* EXERCISE AIM
Write every line below out again, exactly as given, but leave out the pictures.

---------- DATASET SECTION ----------

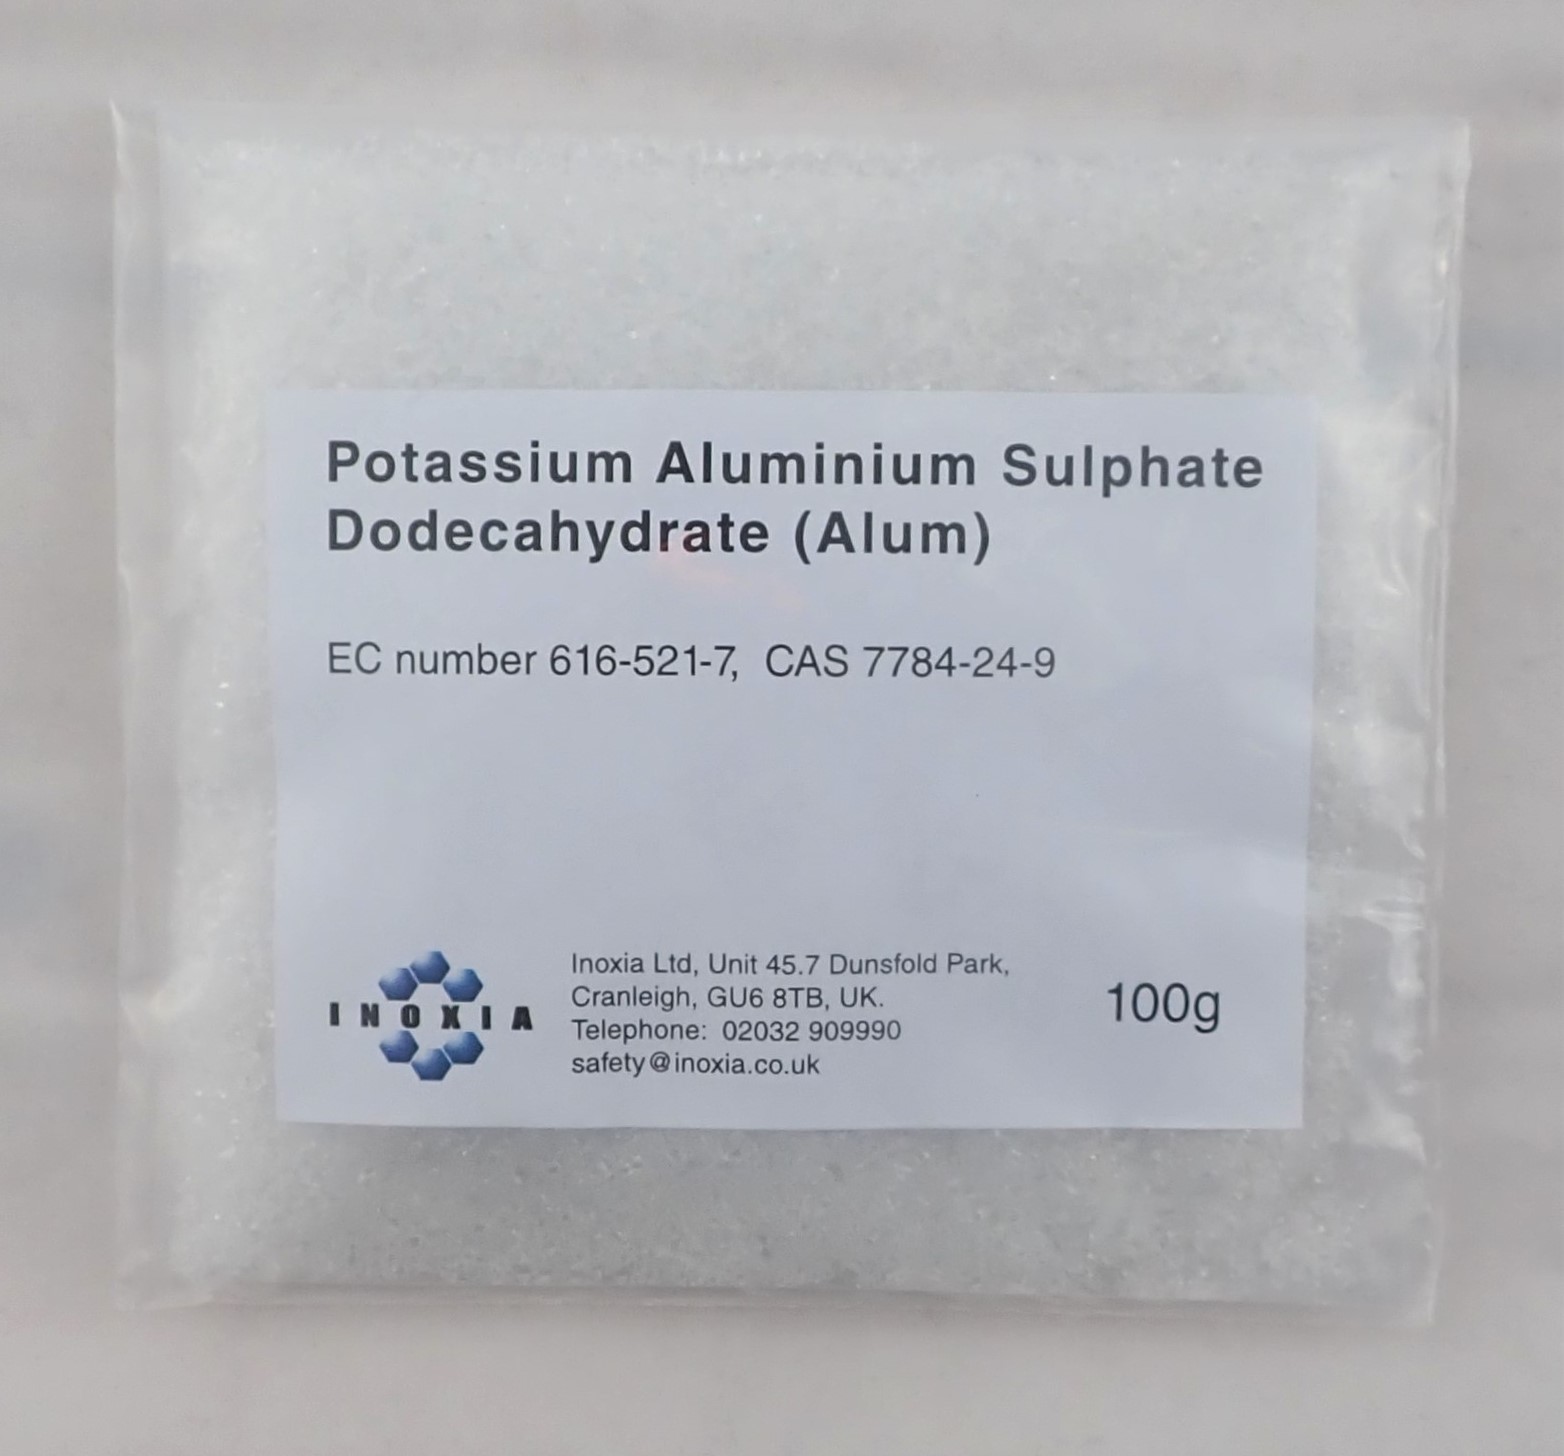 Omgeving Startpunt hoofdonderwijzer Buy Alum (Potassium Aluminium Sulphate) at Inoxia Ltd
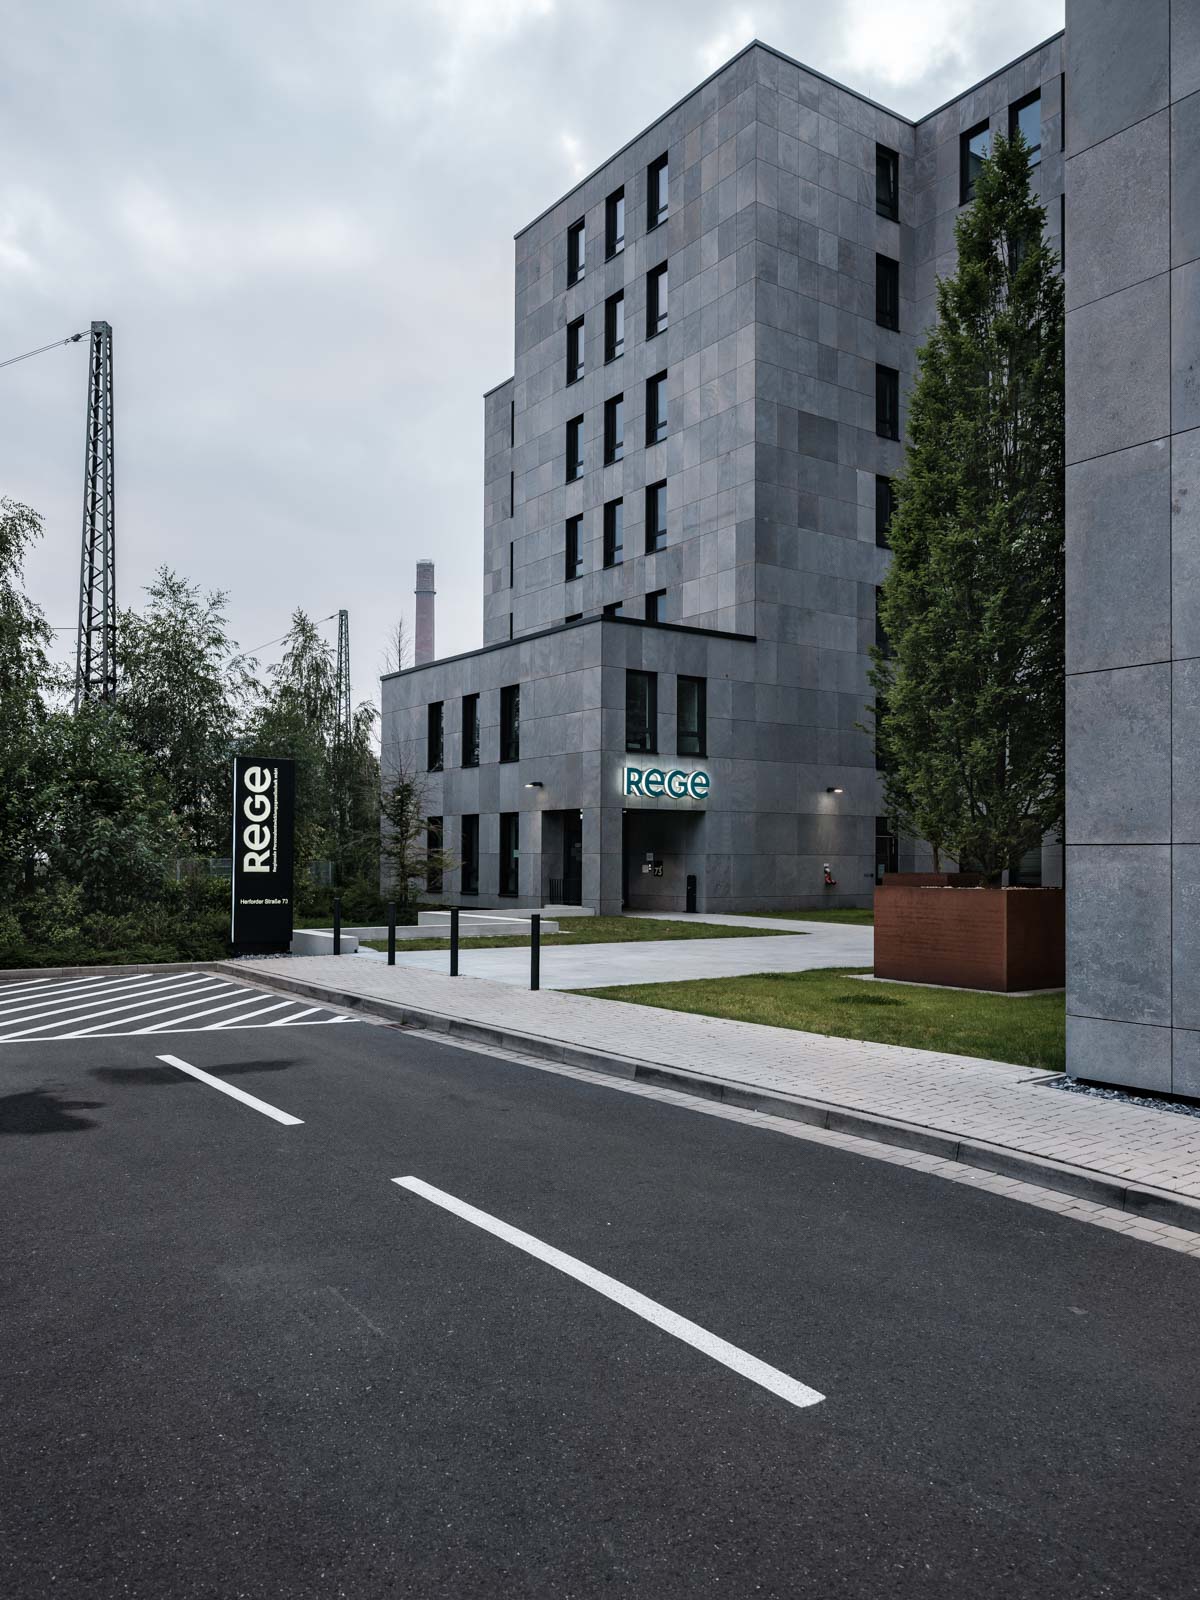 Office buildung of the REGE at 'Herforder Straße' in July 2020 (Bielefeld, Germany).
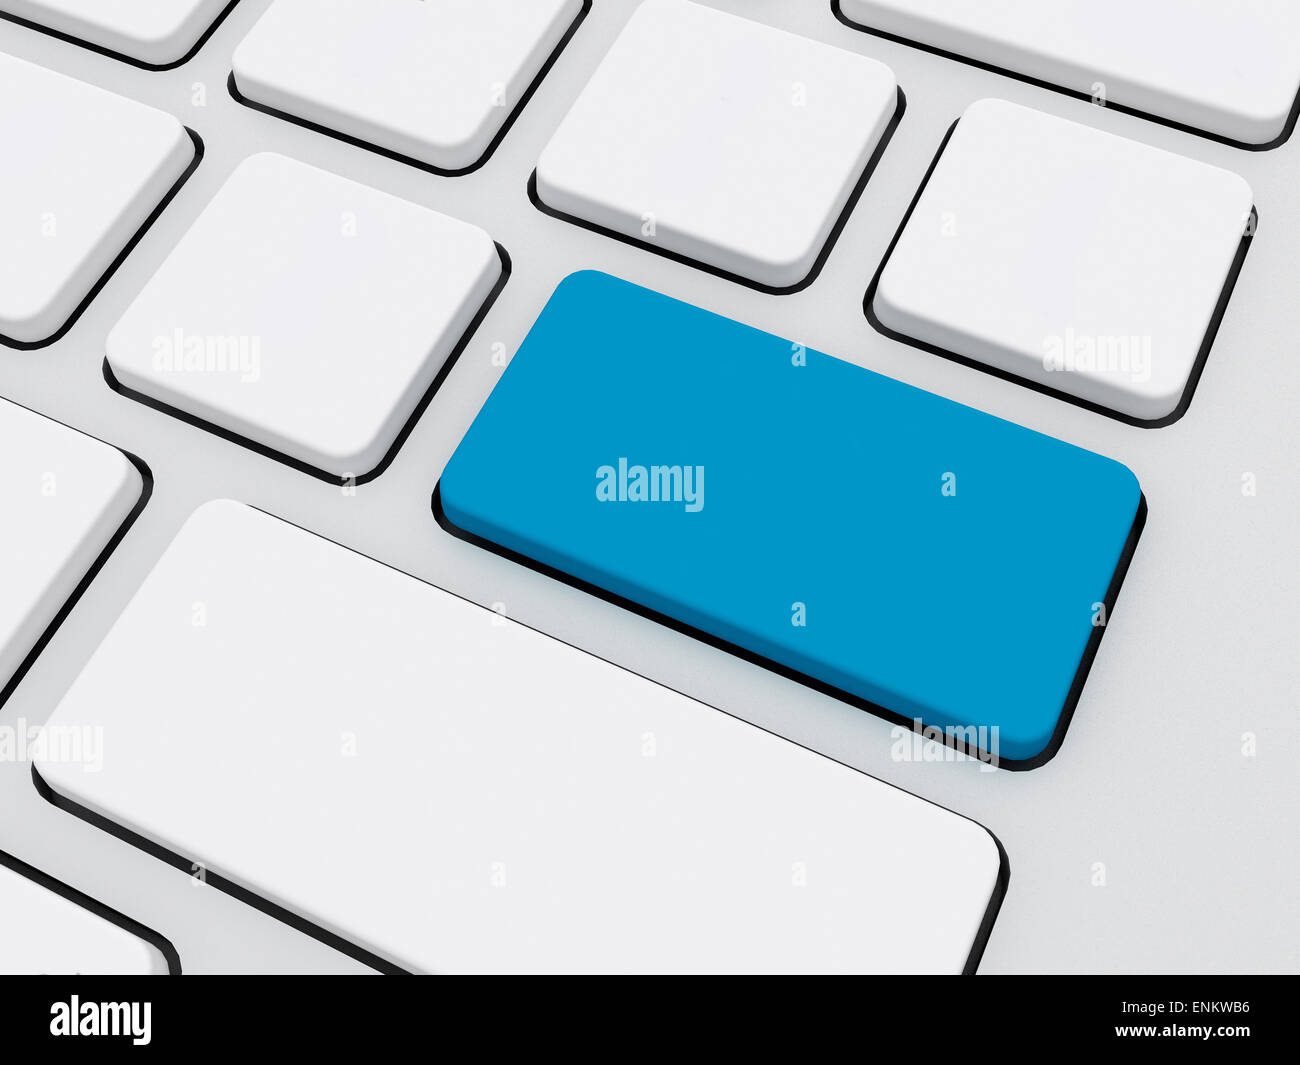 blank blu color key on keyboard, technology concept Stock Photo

----------

* THE COMPLETED TASK
 Omgeving Startpunt hoofdonderwijzer Buy Alum (Potassium Aluminium Sulphate) at Inoxia Ltd
 Office buildung of the REGE at 'Herforder Straße' in July 2020 (Bielefeld, Germany).
 blank blu color key on keyboard, technology concept Stock Photo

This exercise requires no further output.